● Data block
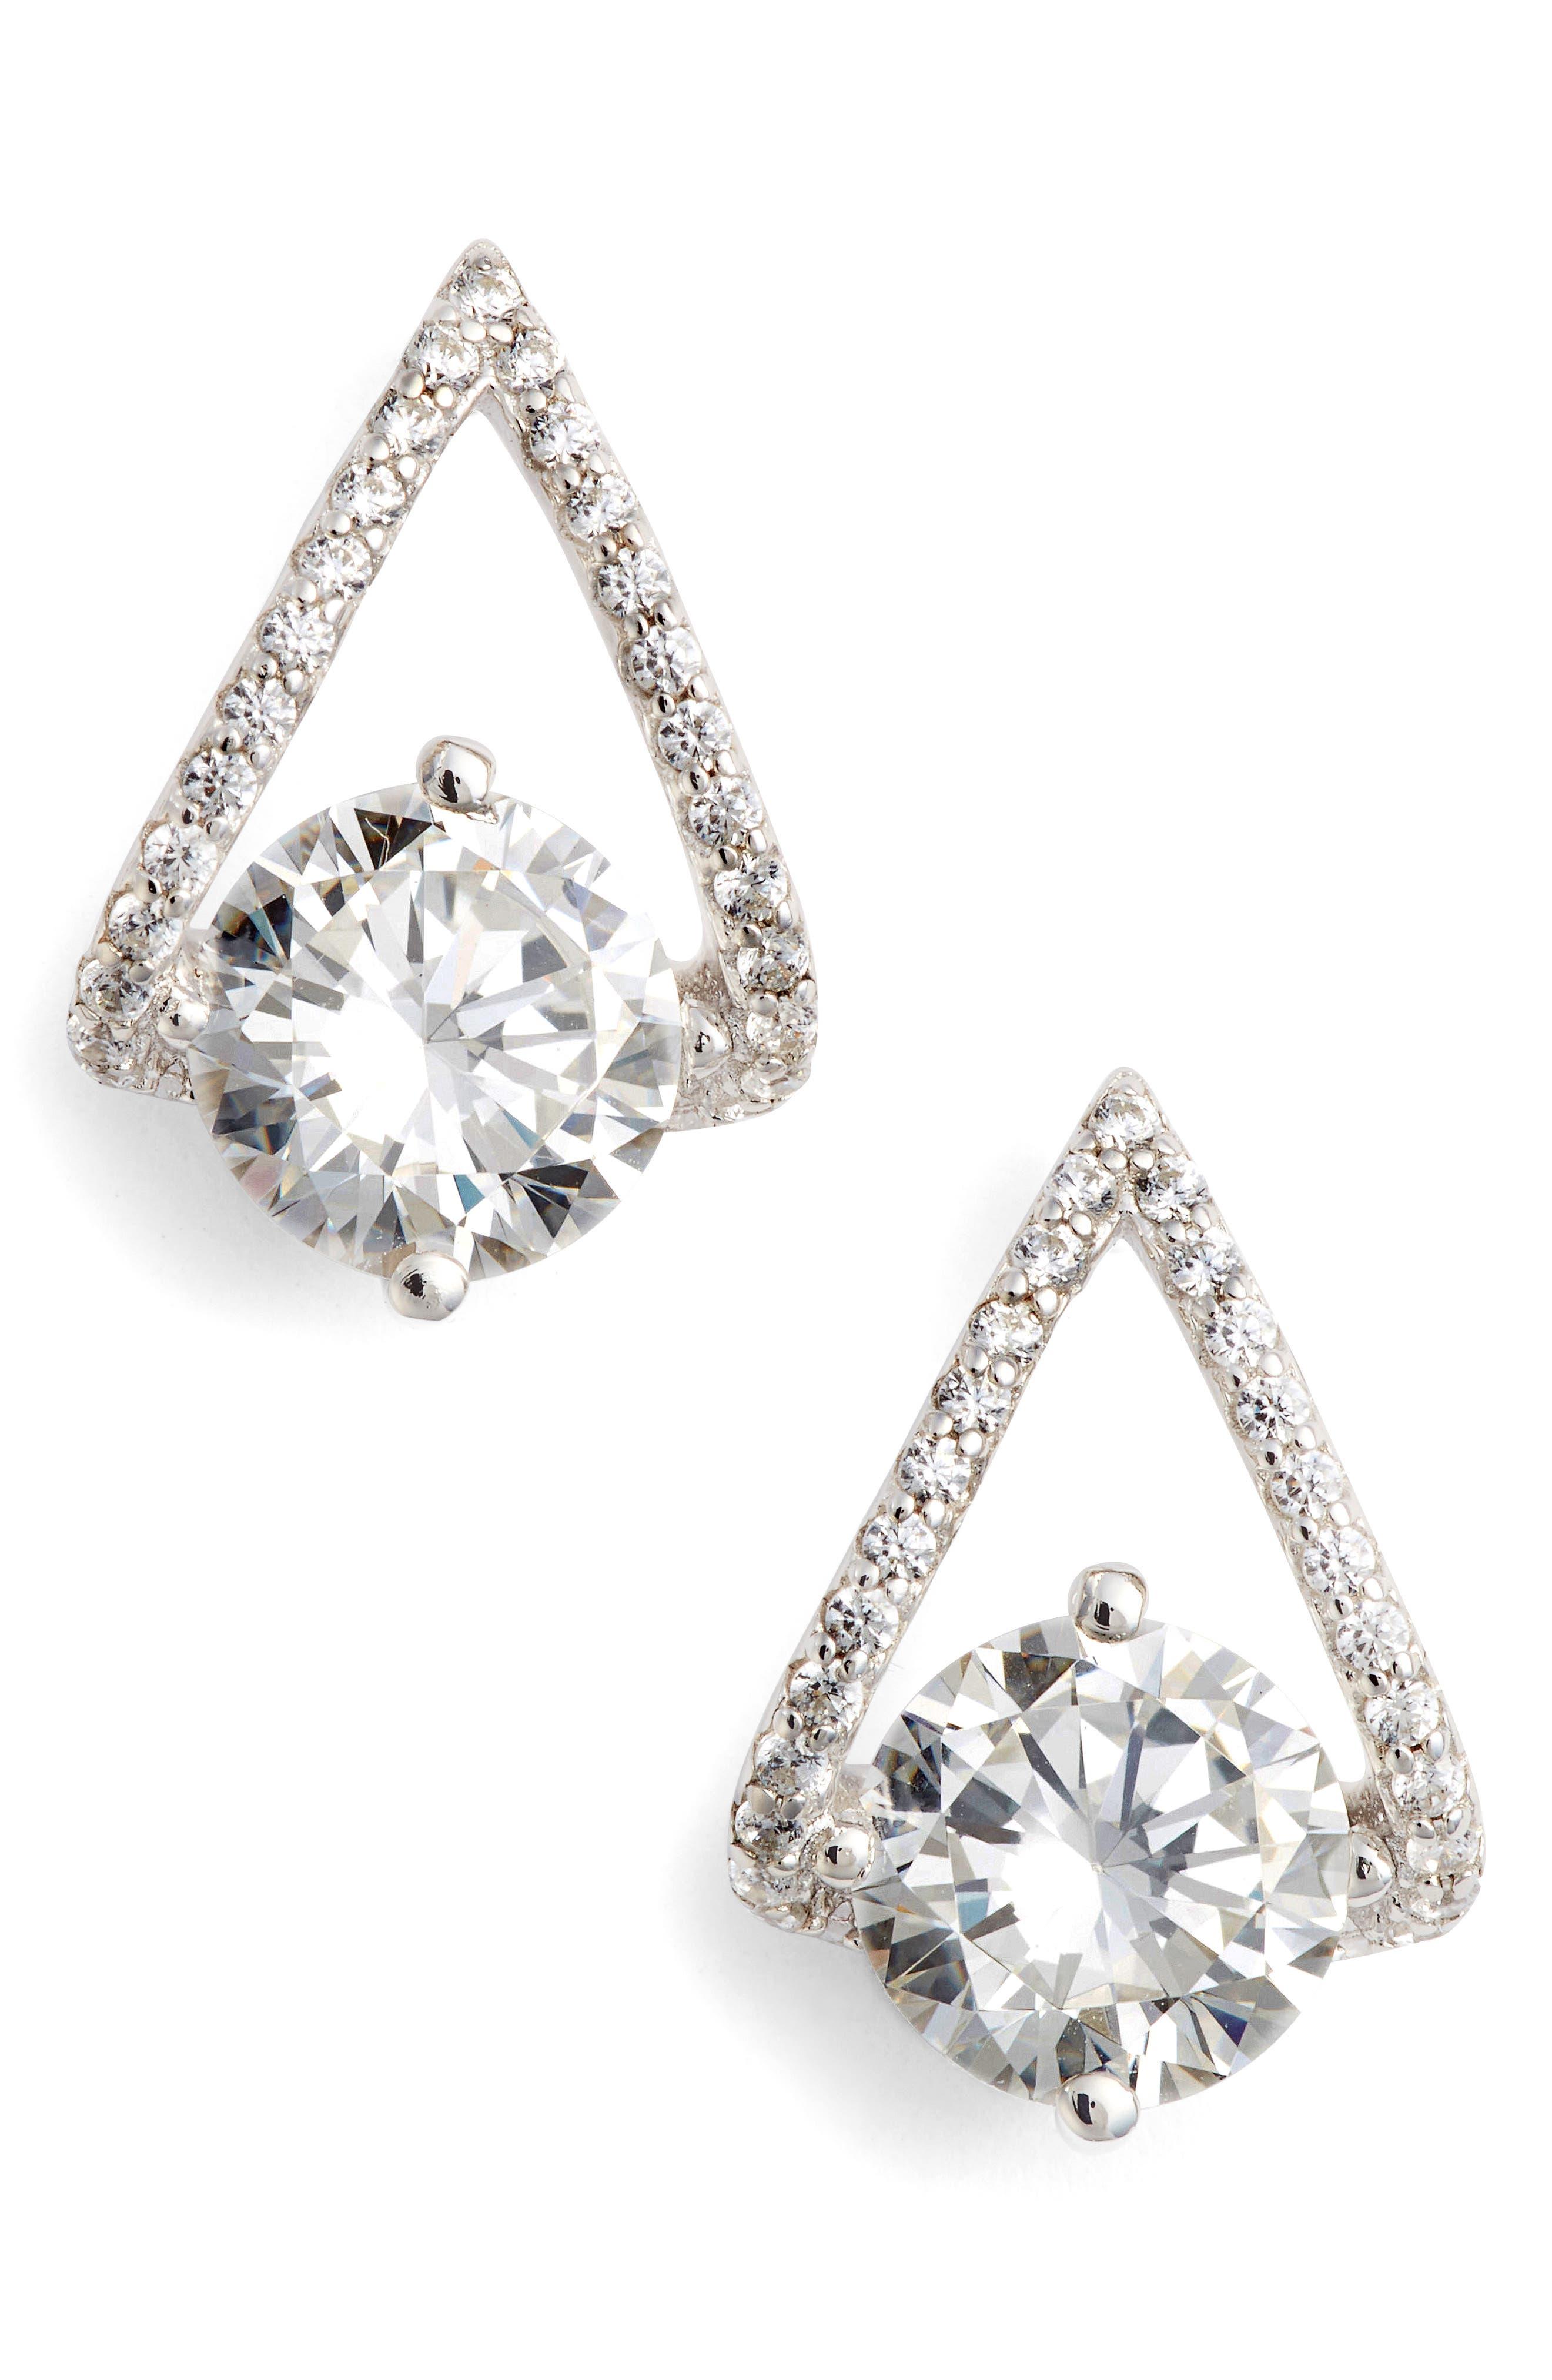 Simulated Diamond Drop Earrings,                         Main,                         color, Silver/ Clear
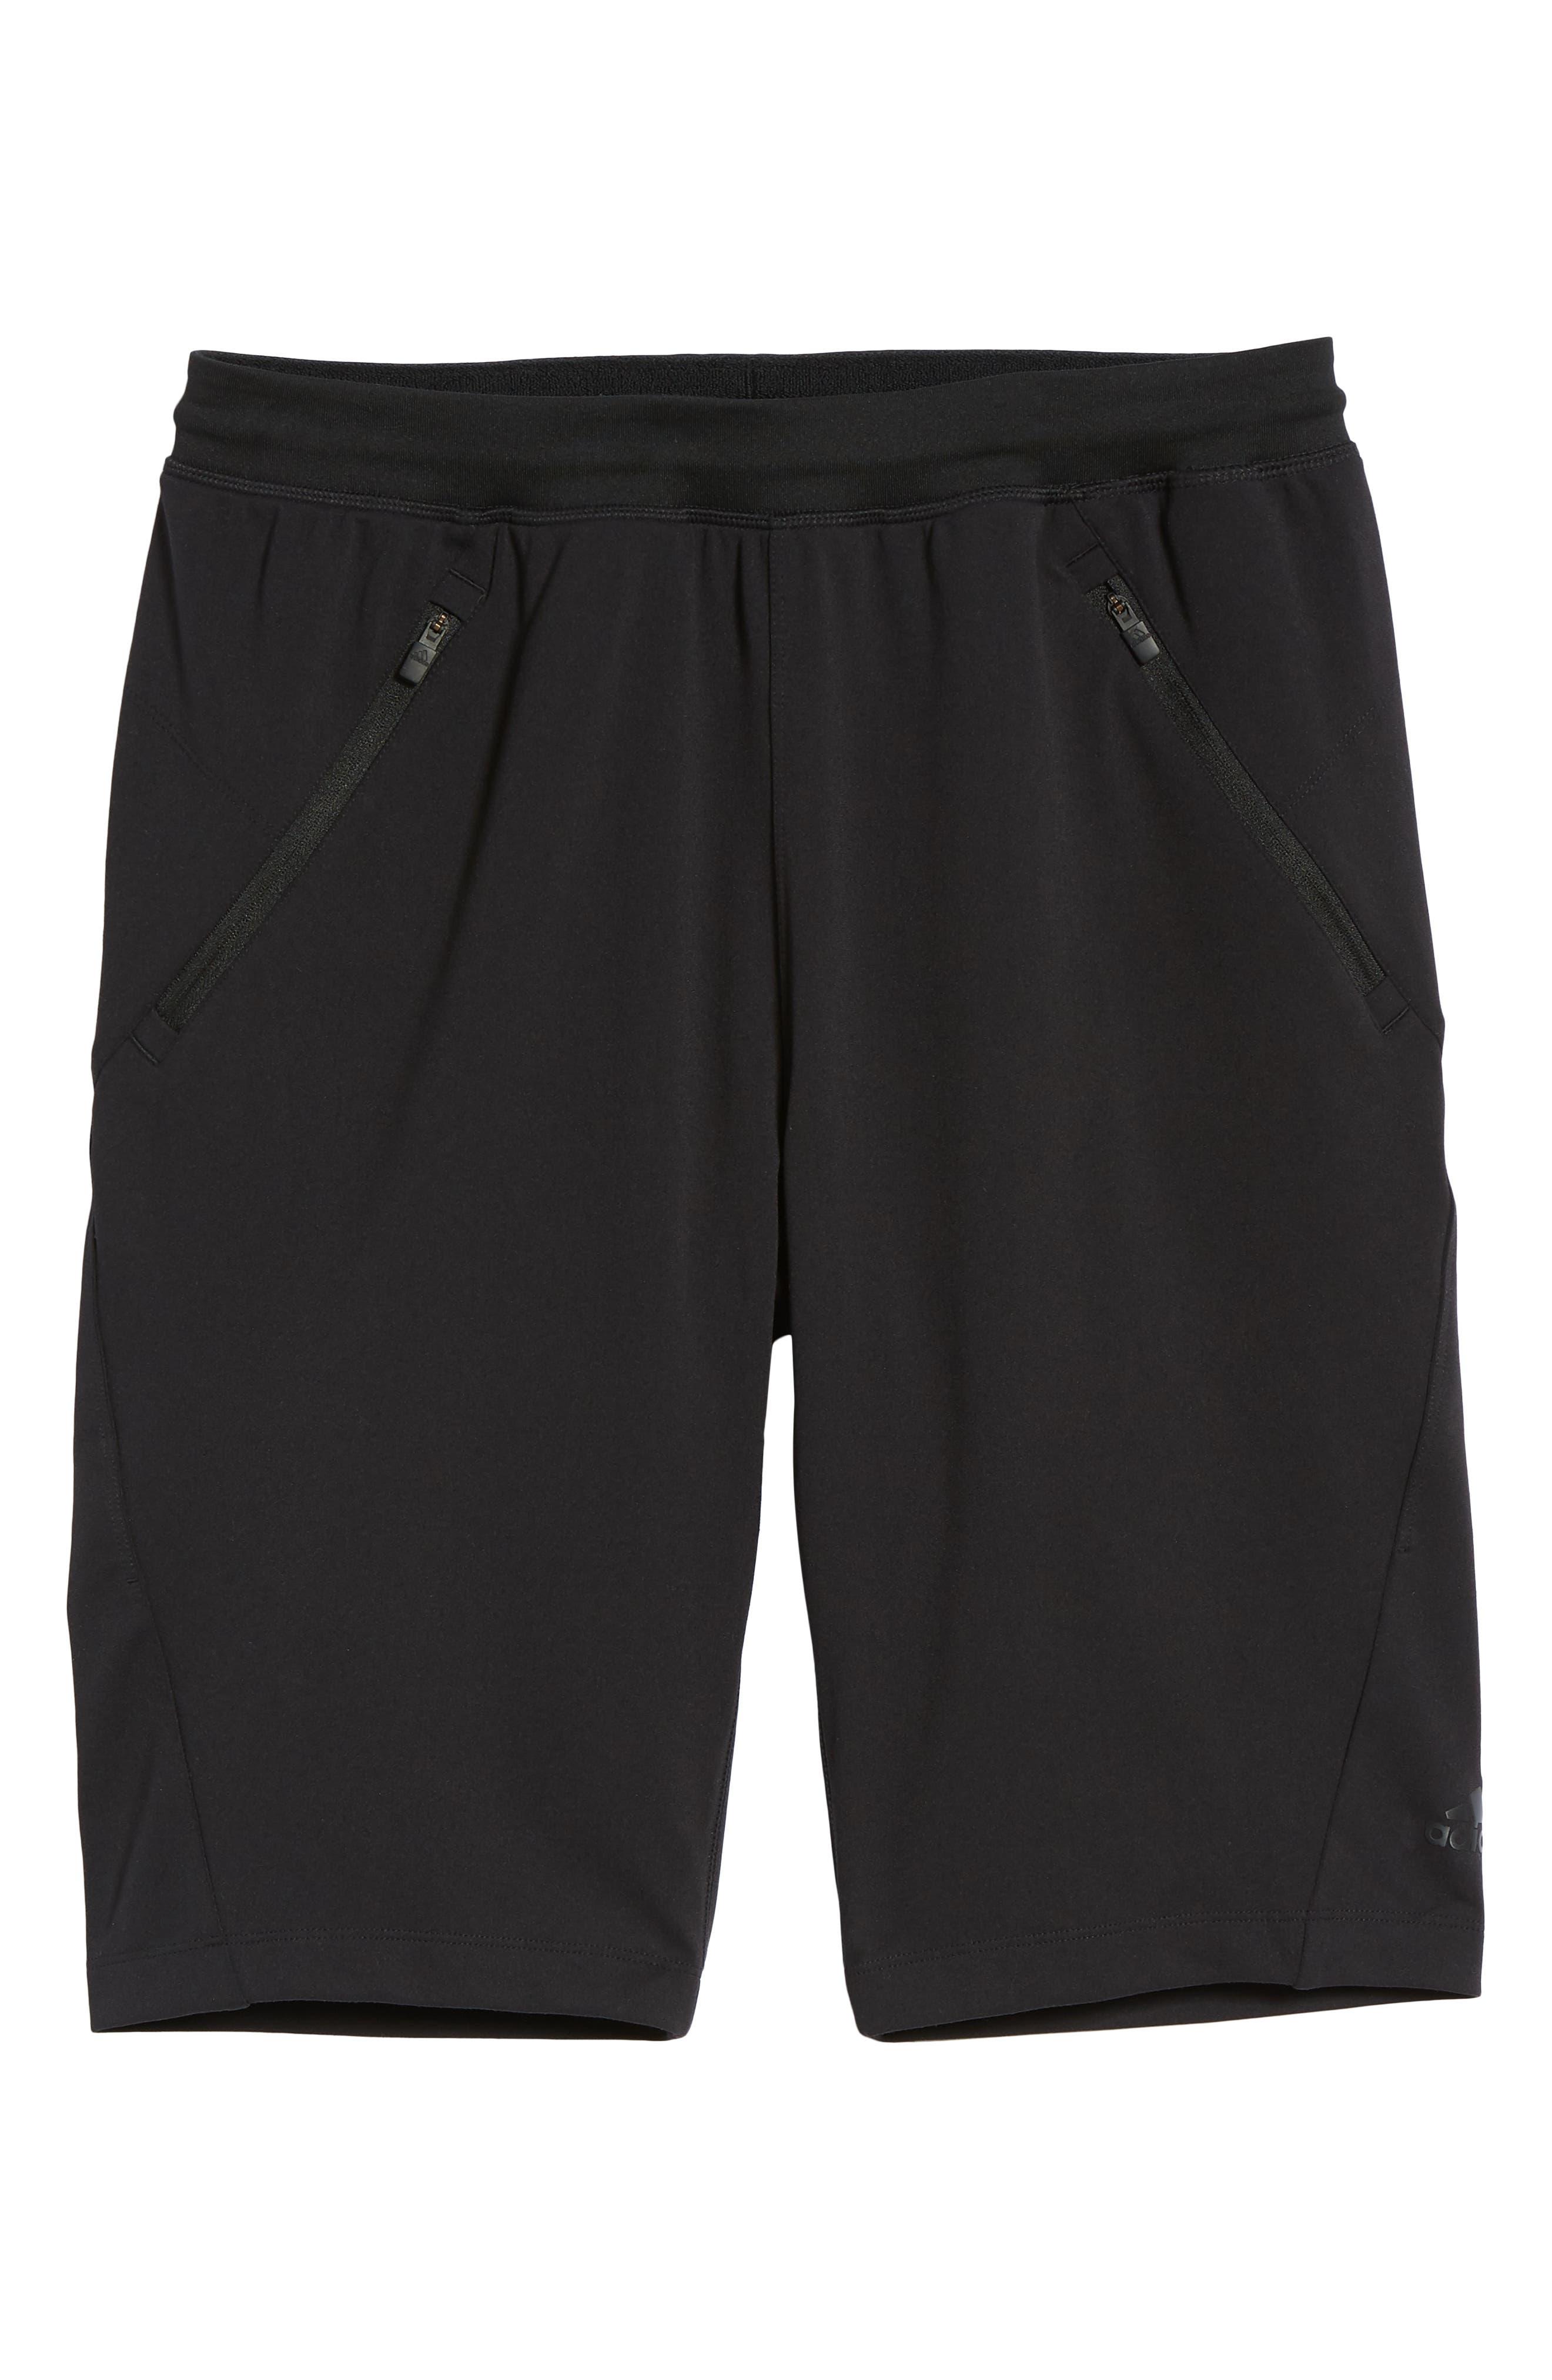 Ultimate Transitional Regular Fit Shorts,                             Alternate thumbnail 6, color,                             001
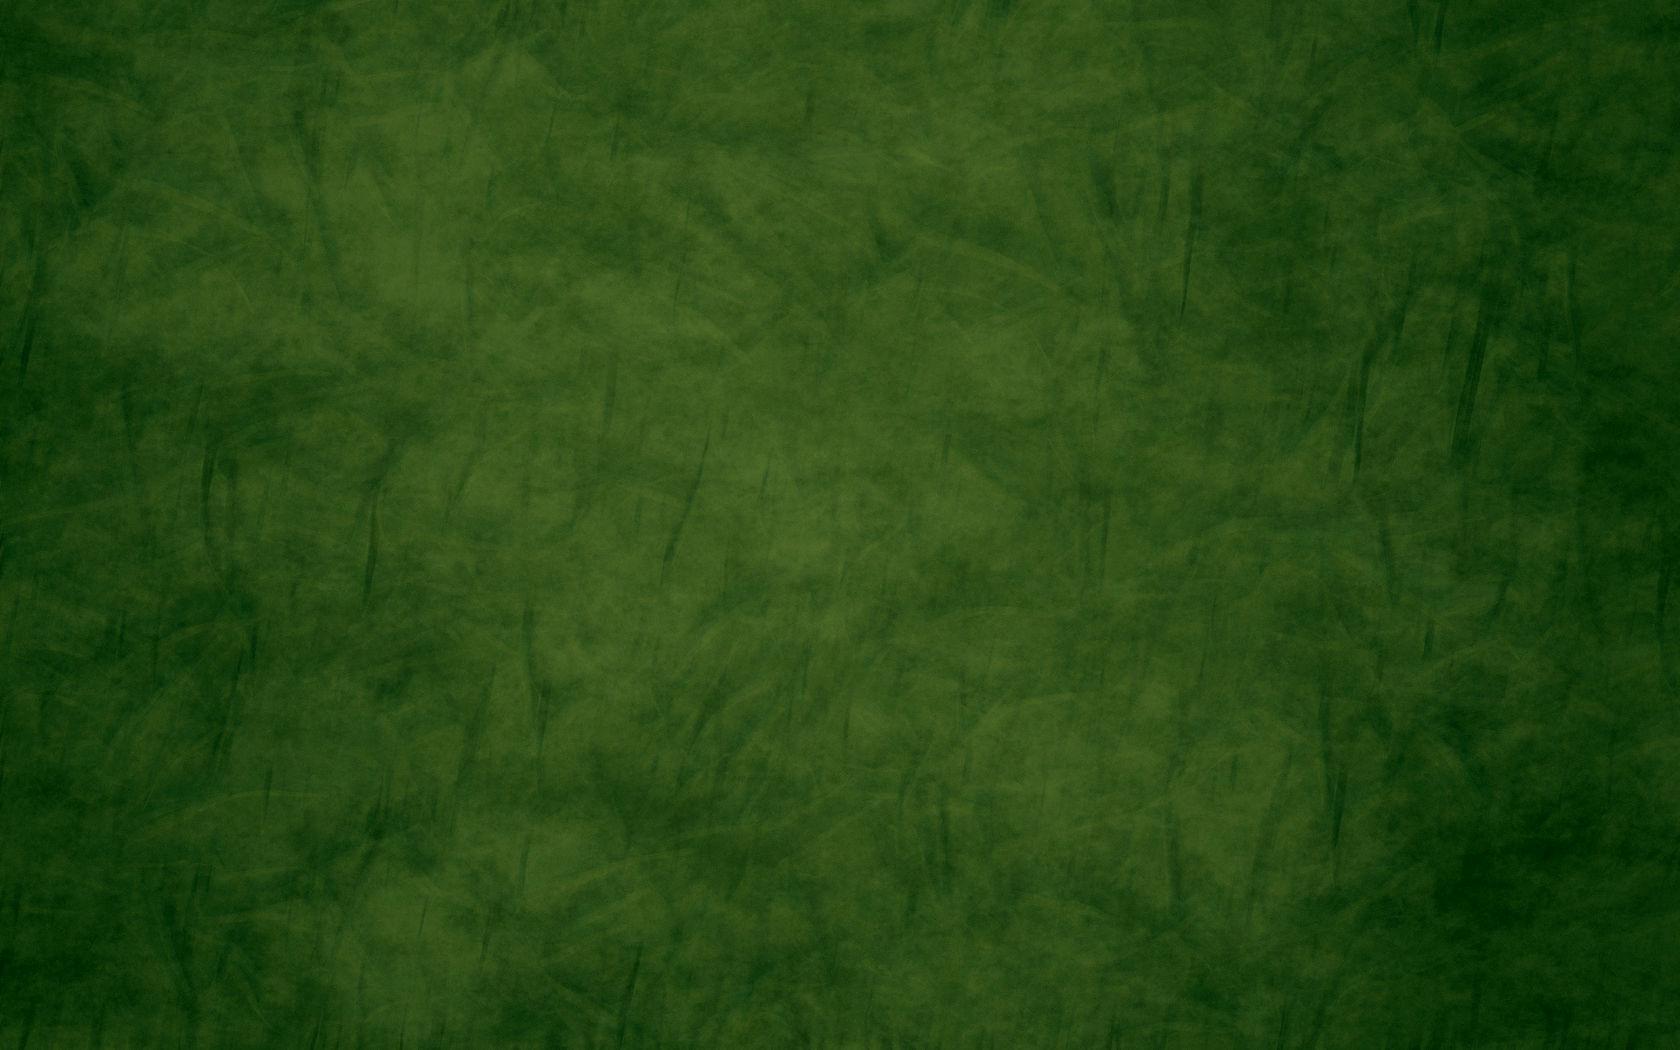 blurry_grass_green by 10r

● The problem
Only the lines from the one containing "Ultimate Transitional Regular" through the last line of the material should be returned, exactly and without pictures.

● Answer to this task
 Ultimate Transitional Regular Fit Shorts,                             Alternate thumbnail 6, color,                             001
 blurry_grass_green by 10r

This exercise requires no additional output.